Section: New Results
Improving FRMG through partially supervised learning
Participant : Éric Villemonte de La Clergerie.
Since the emergence of several statistical parsers for French developed on the French TreeBank (FTB), including those developed at Alpage, it was important to be able to compare the symbolic meta-grammar-based parser FRMG with these statistical parsers on their native treebank, but also possibly to extend the comparison for other treebanks.
A first necessary step in this direction was a conversion from FRMG's native dependency scheme into FTB's dependency scheme, a tedious task highlighting the differences in design at all levels (segmentation, parts of speech, representation of the syntactic phenomena, etc.). A preliminary evaluation has shown that accuracy is good, but largely below the scores reached by the statistical parsers.

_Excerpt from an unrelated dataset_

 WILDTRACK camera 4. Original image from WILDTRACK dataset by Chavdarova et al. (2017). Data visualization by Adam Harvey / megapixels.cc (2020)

A challenge was then to explore if training on the FTB could be used to improve the accuracy of a symbolic parser like FRMG. However, the main difficulty arises from the fact that FTB's dependency scheme has little in common with FRMG's underlying grammar, and that no reverse conversion from FTB to FRMG structures is available. Such a conversion could be investigated but would surely be difficult to develop. Instead, we tried to exploit directly FTB data, using only very minimal assumptions, nevertheless leading to important gains and results close to those obtained by the statistical parsers [31] : it was possible to tune the disambiguisation process of FRMG and strongly increase its accuracy, from 83% up to 87.17% (in terms of CONLL Labeled Attachment Score), a level comparable to those reached by statistical parsers trained on the FTB. Preliminary experiments show that (a) disambiguisation tuning also improve the performances on other corpora and (b) that FRMG seems to be more stable than statistical parsers on corpora other than the FTB. Finer-grained comparison of FRMG wrt statistical parsers have been done that provide some insight for further improvements of FRMG.

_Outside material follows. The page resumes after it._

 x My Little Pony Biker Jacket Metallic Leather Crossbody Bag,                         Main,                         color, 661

The interest is that the technique should be easily adaptable for training data with different annotation schemes. Furthermore, our motivation was not just to improve the performances on the FTB and for the annotation scheme of FTB, for instance by training a reranker (as often done for domain adaptation), but to exploit the FTB to achieve global improvement over all kinds of corpora and for FRMG native annotation scheme.